Goal of the exercise
Reproduce, exactly and in full, the lines from the one with "Companies Act, 1956" through the one with "Beautiful frame with" in the data below; drop pictures.

Data
+---+
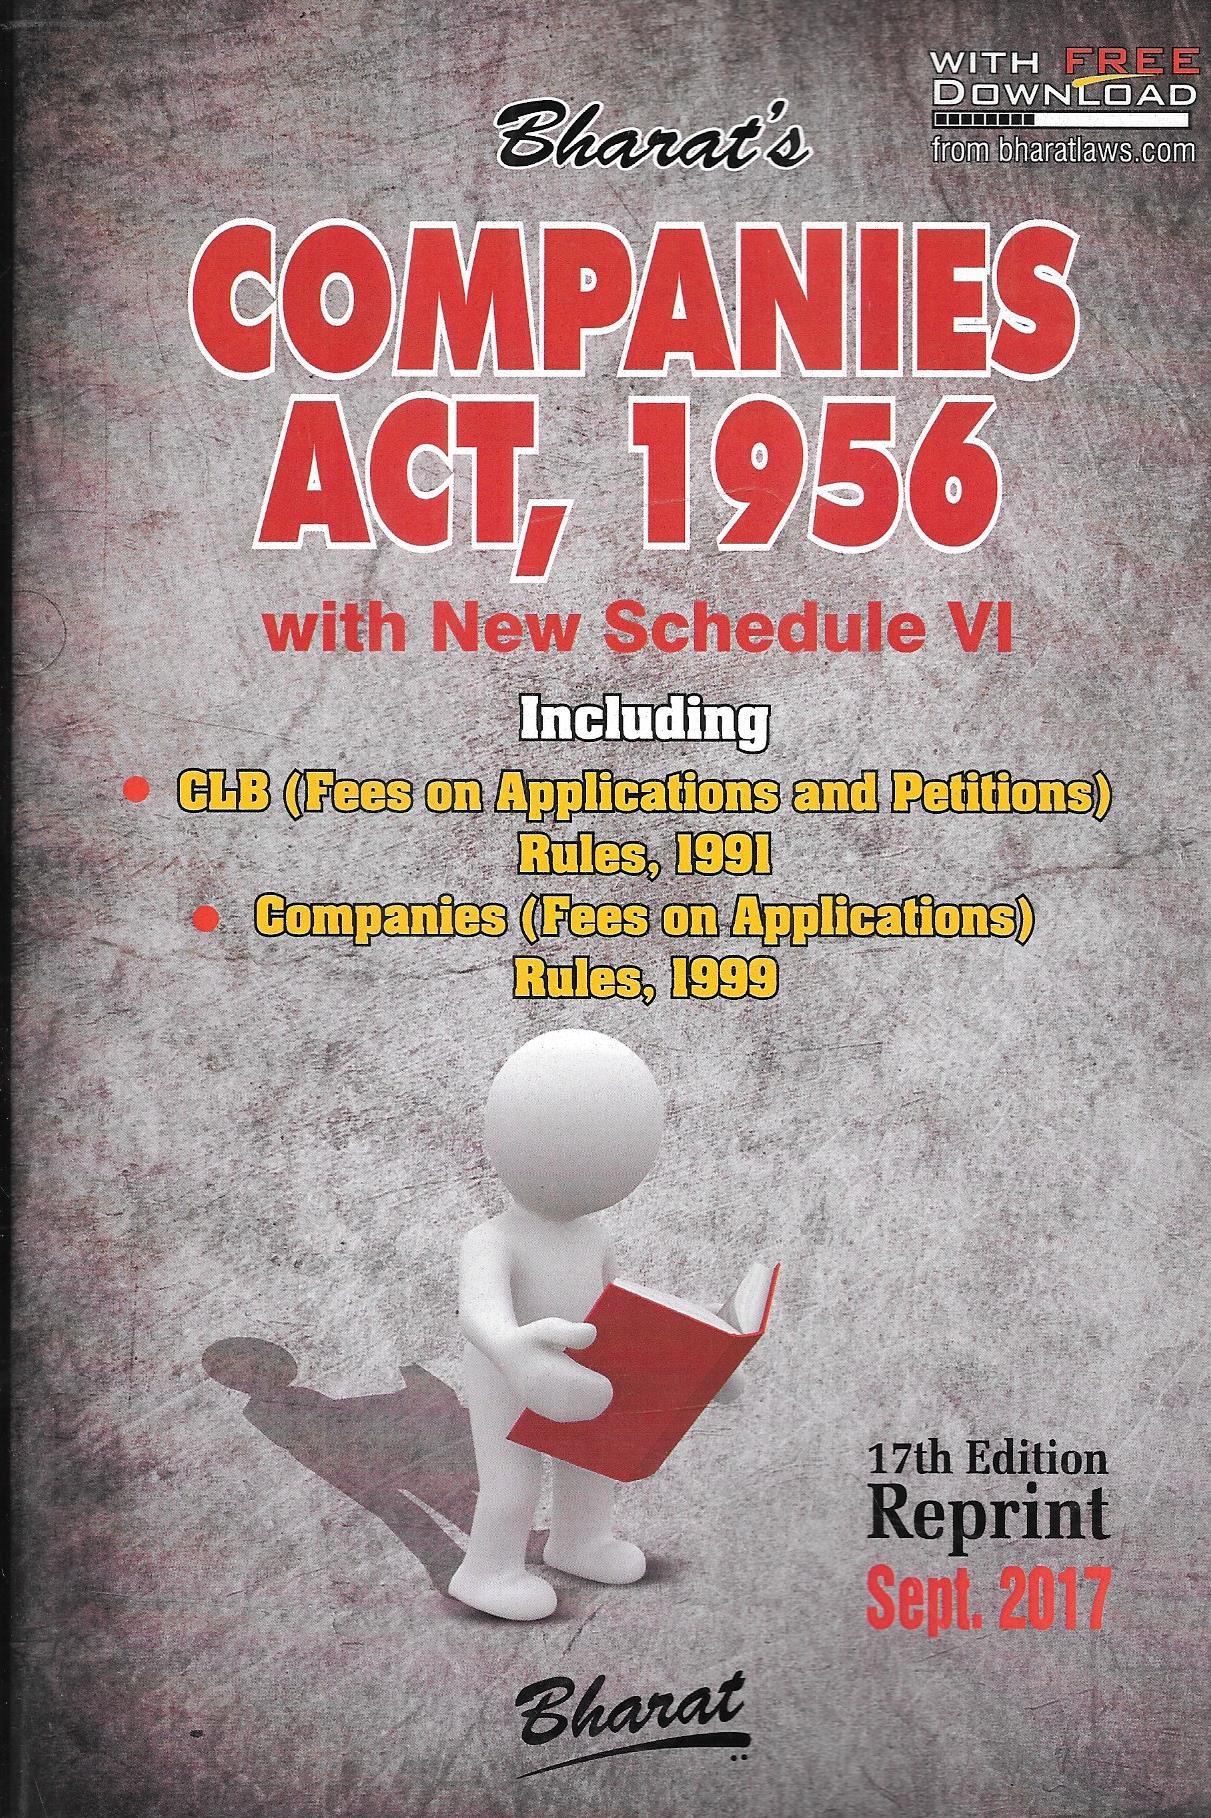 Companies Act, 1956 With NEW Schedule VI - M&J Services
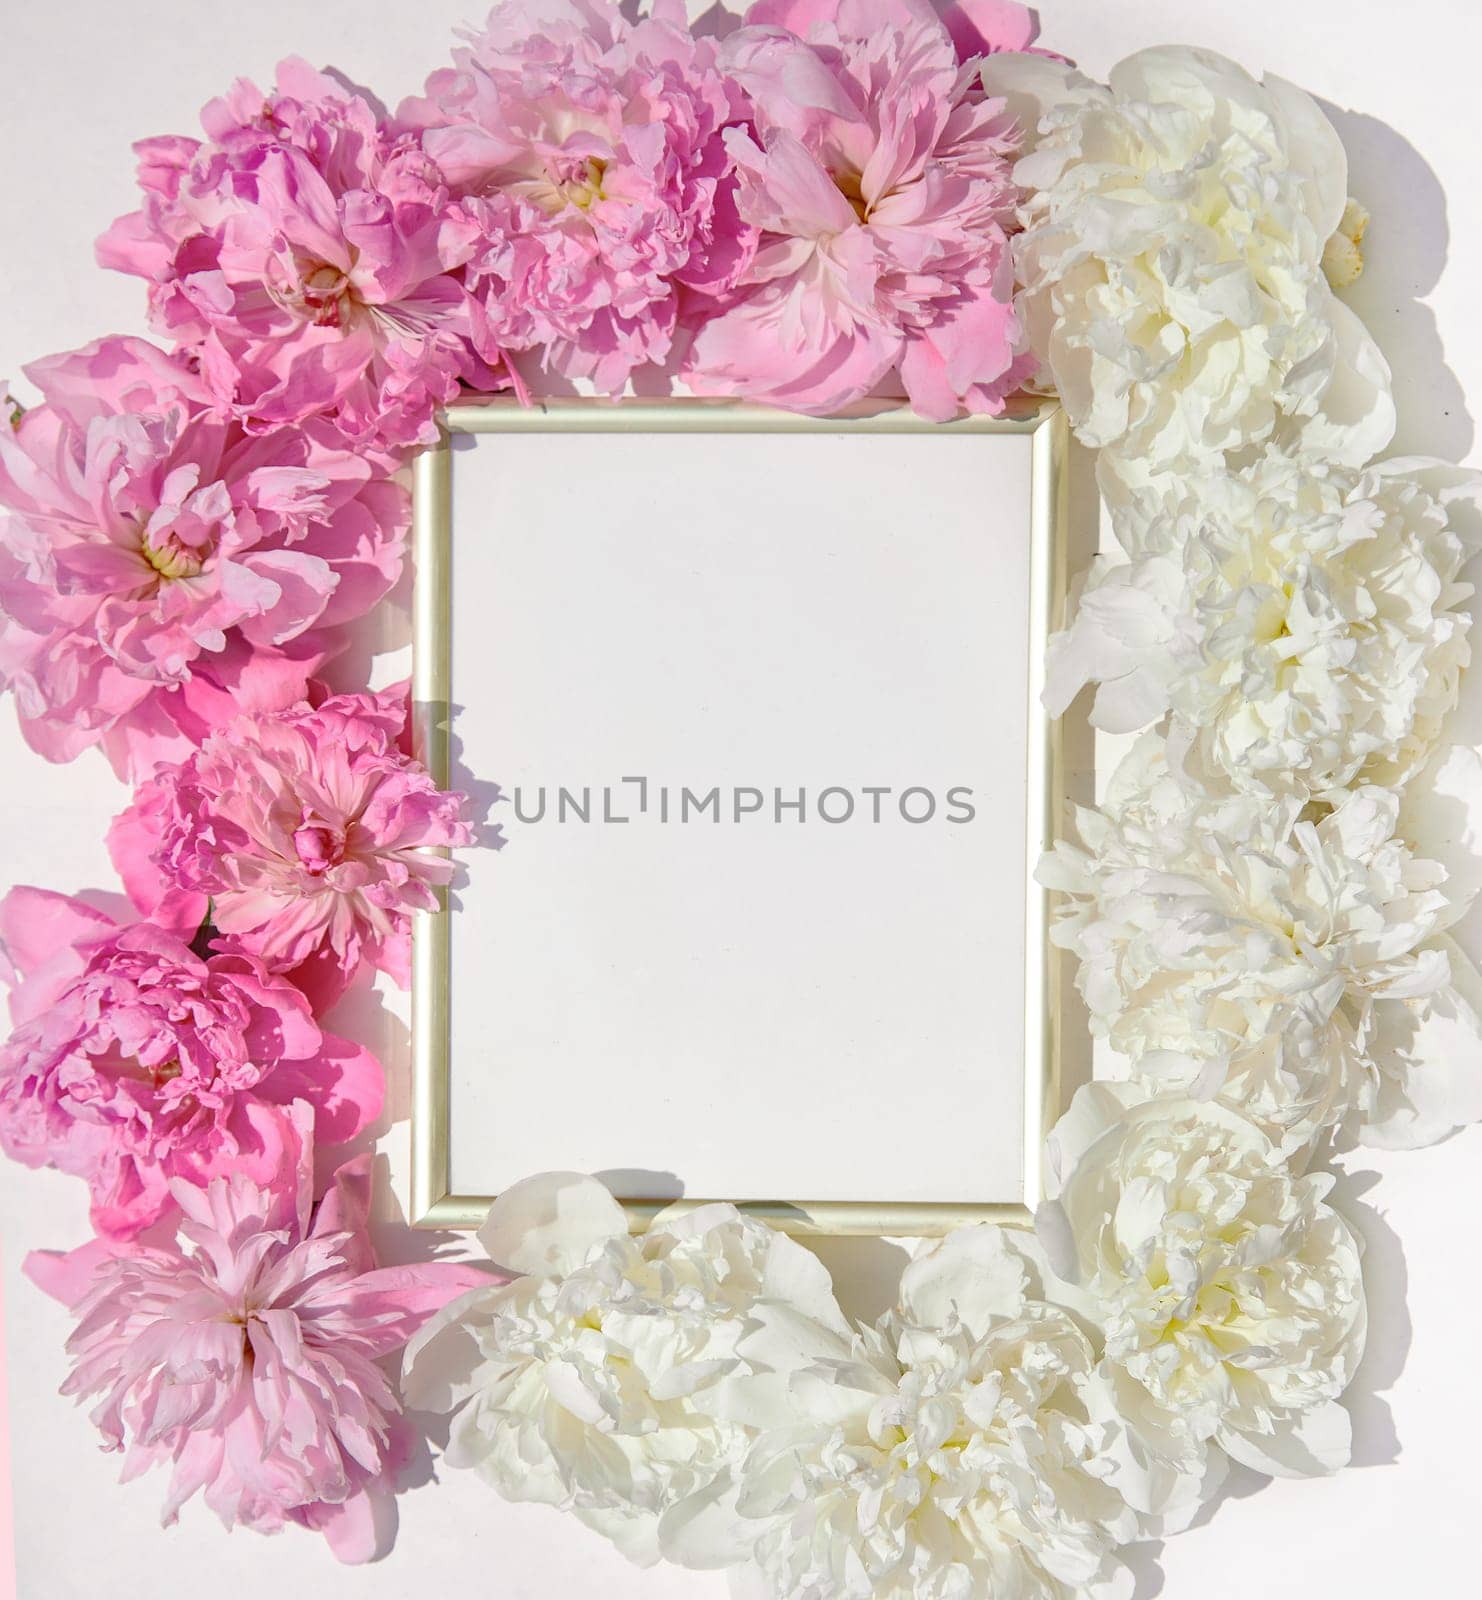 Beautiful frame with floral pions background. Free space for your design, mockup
+---+
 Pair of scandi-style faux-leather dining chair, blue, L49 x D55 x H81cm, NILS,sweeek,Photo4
+---+
Answer space
 Companies Act, 1956 With NEW Schedule VI - M&J Services
 Beautiful frame with floral pions background. Free space for your design, mockup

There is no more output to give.